PDP 11 gear finally moved

Mike Stein mhs.stein at gmail.com
Tue Jul 21 22:52:19 CDT 2015


----- Original Message ----- 
From: "Tothwolf" <tothwolf at concentric.net>
To: "General Discussion: On-Topic and Off-Topic 
Posts" <cctalk at classiccmp.org>
Sent: Tuesday, July 21, 2015 9:46 PM
Subject: Re: PDP 11 gear finally moved


> On Tue, 21 Jul 2015, Mike Stein wrote:
>
...
>> FWIW I'm certainly not about to spend 100s of 
>> dollars, not to mention time spent in sourcing 
>> and replacing, to replace the caps in systems
>
> 100s? Where are you sourcing your components 
> from? The typical board I rebuild has a 
> component cost of about $20 or less. Smaller 
> switchmode PSUs with a bunch of 10-18mm radials 
> might be closer to $35-50. Larger PSUs /might/ 
> cost closer to $100 if they have several large 
> screw terminal capacitors in them.
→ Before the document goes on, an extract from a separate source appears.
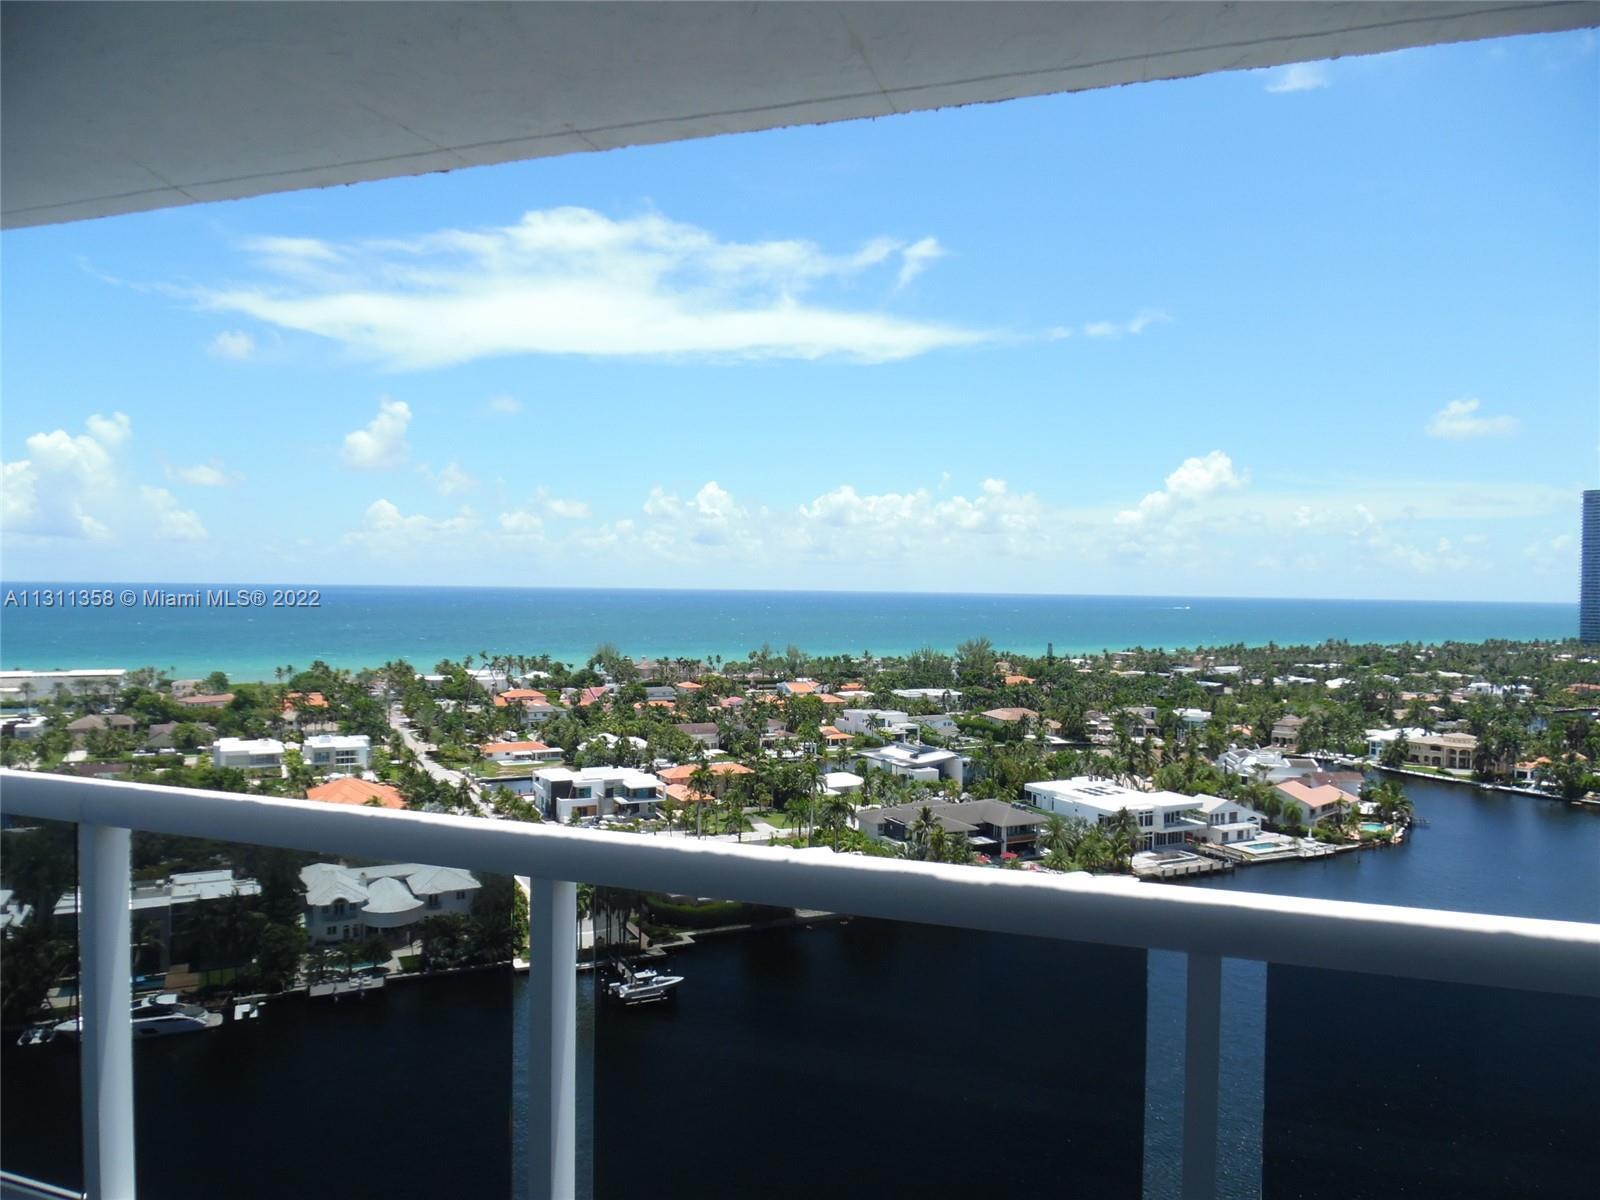 BEAUTIFUL UNIT IN VERY DESIRABLE WATERVIEW BUILDING. THE VIEWS ARE ABSOLUTELY MAGNIFICENT. THIS IS T

All things 
> considered, that isn't very much money in 
> today's dollars, and considering the full 
> replacement cost of some of these boards (if 
> they are even available), those preventive 
> maintenance costs are an absolute bargain, 
> /especially/ if you are doing the work yourself 
> on your own time.

Maybe it isn't much money in your world, 
especially when someone else is paying. I just 
priced the main power supply caps in one of my 
Cromemco systems and it comes to ~ $120 (and all 
special order of course); if I replaced all the 
caps in all my (working) systems as you and a few 
others are suggesting across the board regardless 
of the system, condition etc., it would easily 
exceed $2000 if I could even find suitable 
replacements. And what about those prone to 
explode tantalums while we're at it...

If you're recapping 20-year old or newer circuit 
boards for customers as you apparently are then it 
does indeed often make sense to replace all the 
aluminum electrolytics, especially if the board 
has problems or there's visual evidence of 
failure, but let those of us with older, 
well-working systems use our _judgement_ whether 
to replace or not. OK?

To each his own...

>> that are running perfectly "just in case"...
>
> How do you -know- they are "running perfectly"?

They reliably do what they're supposed to do.